Dynamics of magnon fluid in Dzyaloshinskii-Moriya magnet and its manifestation in magnon-Skyrmion scattering

TL;DR

This paper develops a comprehensive theoretical framework for magnon fluid dynamics in Dzyaloshinskii-Moriya magnets, incorporating gauge fields and anomalous scattering, and investigates magnon-Skyrmion scattering both analytically and numerically.

Contribution

It introduces a Holstein-Primakoff Hamiltonian for magnons in complex spin backgrounds and derives a Gross-Pitaevskii-type equation including novel gauge field effects.

Findings

Magnon scattering depends on Skyrmion radius and gauge fields.

New corrections to existing magnon dynamics formulas are provided.

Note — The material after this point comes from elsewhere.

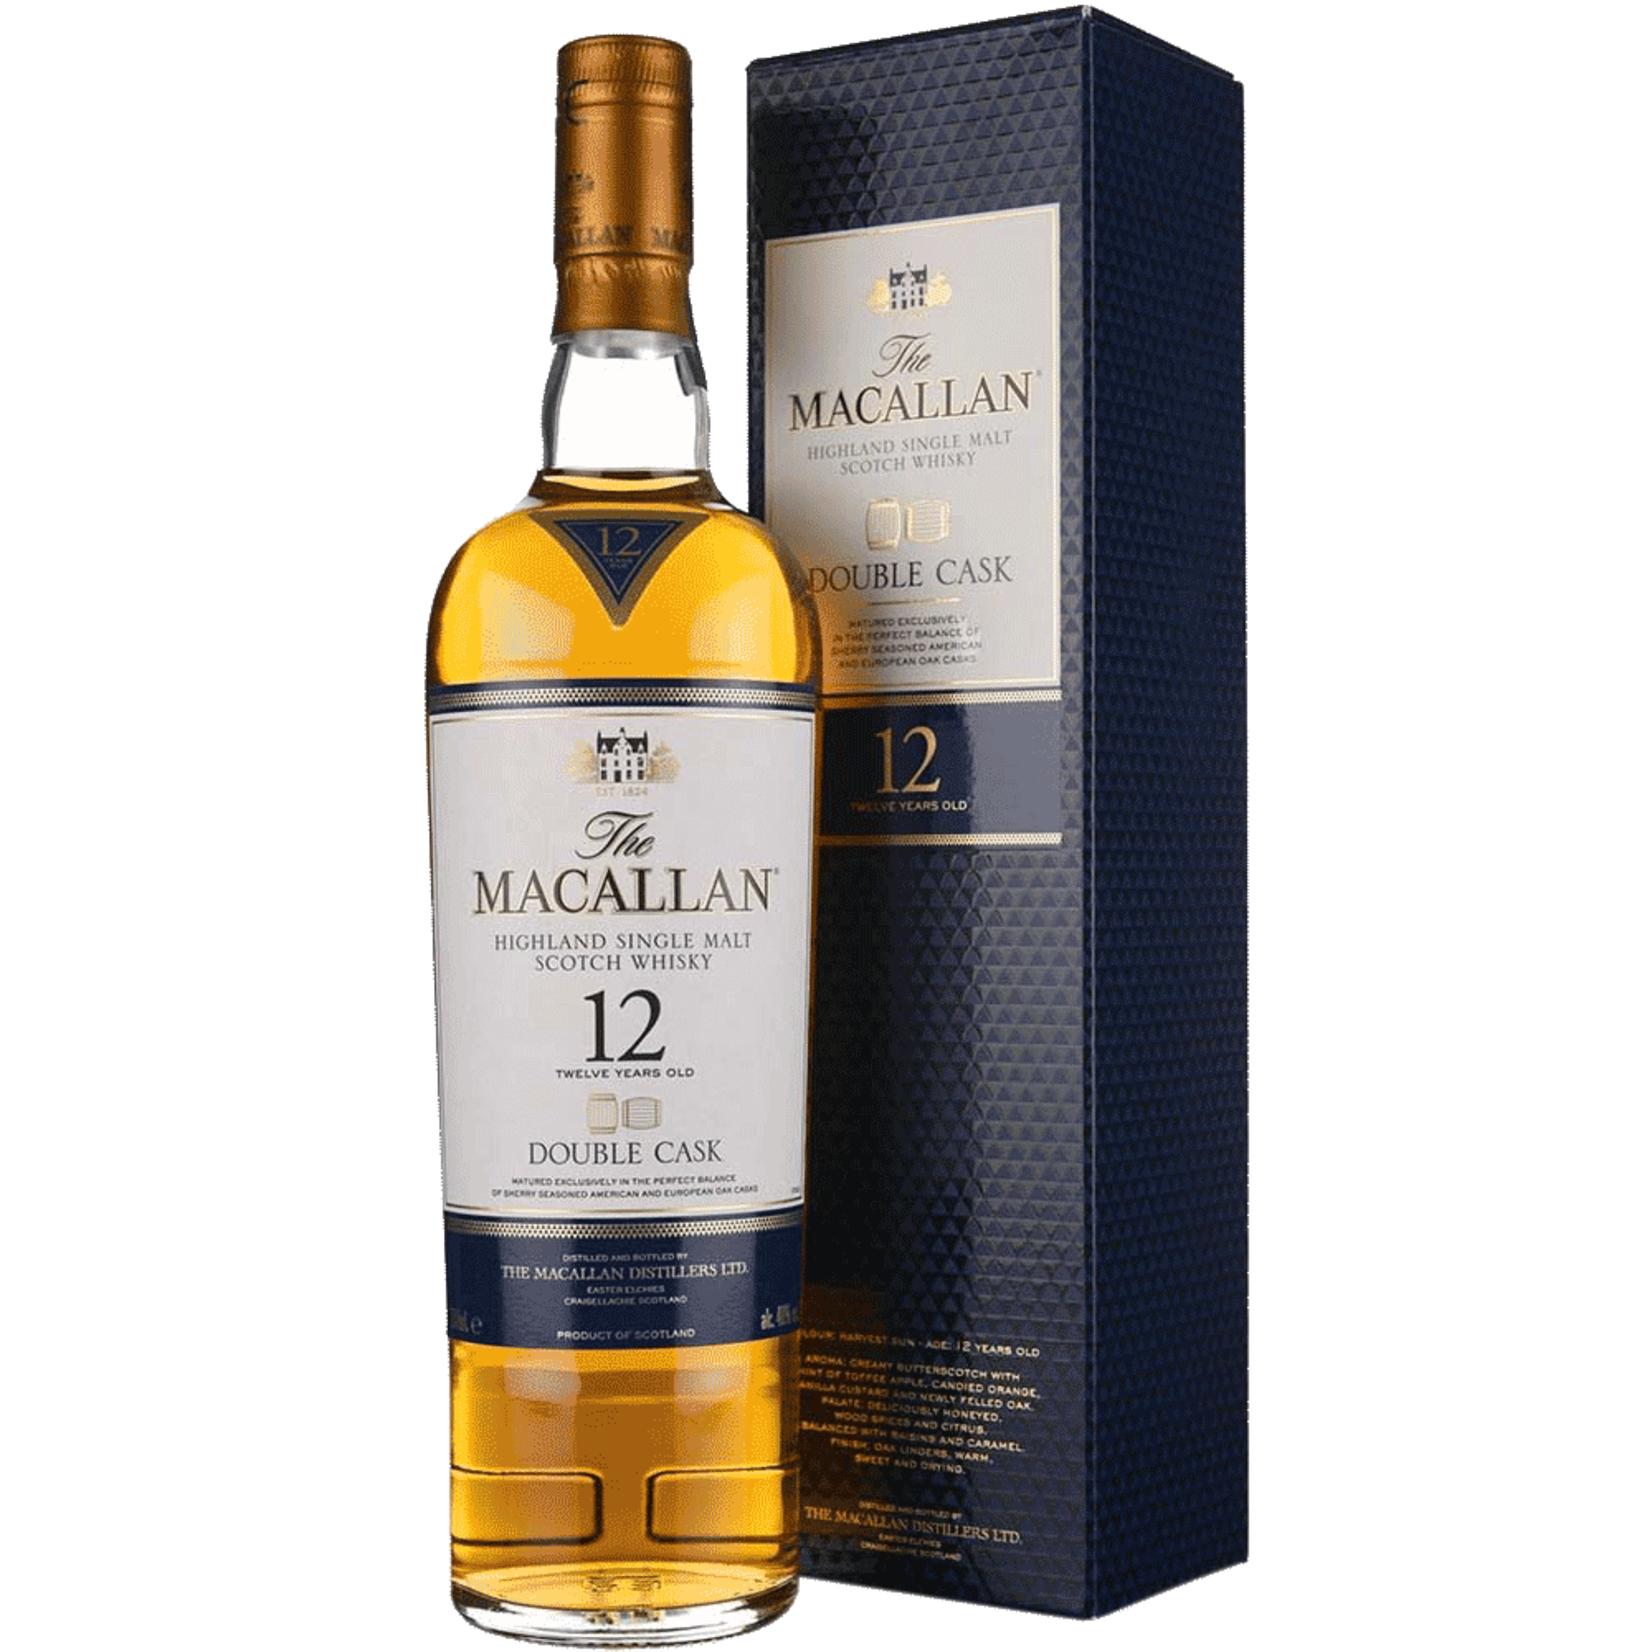 12 сингл молт. Macallan Double Cask 12 years old. Macallan 12 Highland Single Malt Scotch. Виски the Macallan Double Cask. Макаллан Шерри ОАК Каск 12 лет.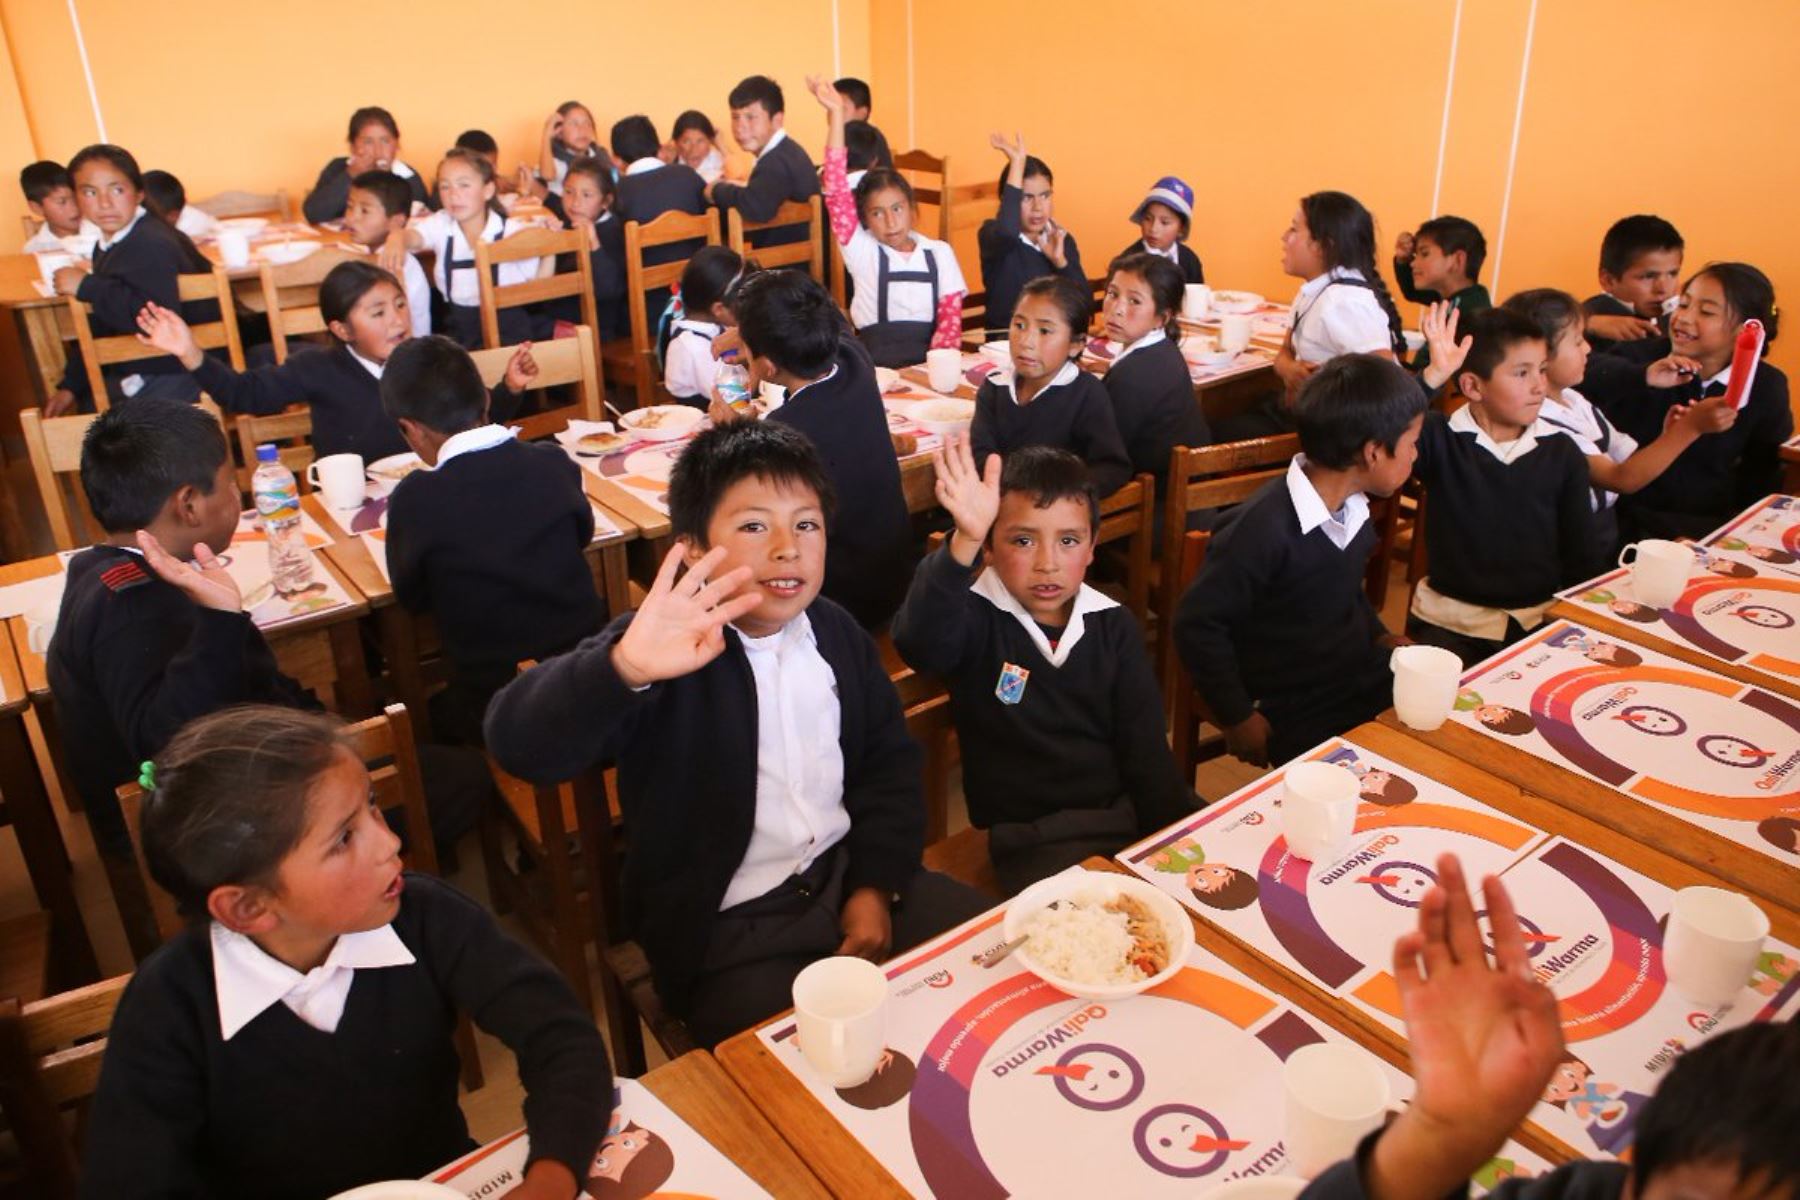 Midis evaluará impacto de desayunos escolares distribuidos por Qali Warma. ANDINA/Difusión

Numerical analysis shows the effective flux varies with Skyrmion size.

Abstract

We construct Holstein-Primakoff Hamiltonian for magnons in arbitrary slowly varying spin background, for a microscopic spin Hamiltonian consisting of ferromagnetic spin exchange,Dzyaloshinskii-Moriya exchange, and the Zeeman term. The Gross-Pitaevskii-type equation for magnon dynamics contains several background gauge fields pertaining to local spin chirality, inhomogeneous potential, and anomalous scattering that violates the boson number conservation. Non-trivial corrections to previous formulas derived in the literature are given. Subsequent mapping to hydrodynamic fields yields the continuity equation and the Euler equation of the magnon fluid dynamics. Magnon wave scattering off a localized Skyrmion is examined numerically based on our Gross-Pitaevskii formulation. Dependence of the effective flux experienced by the impinging magnon on the Skyrmion radius is pointed out, and compared with analysis of the same problem using the Landau-Lifshitz-Gilbert equation.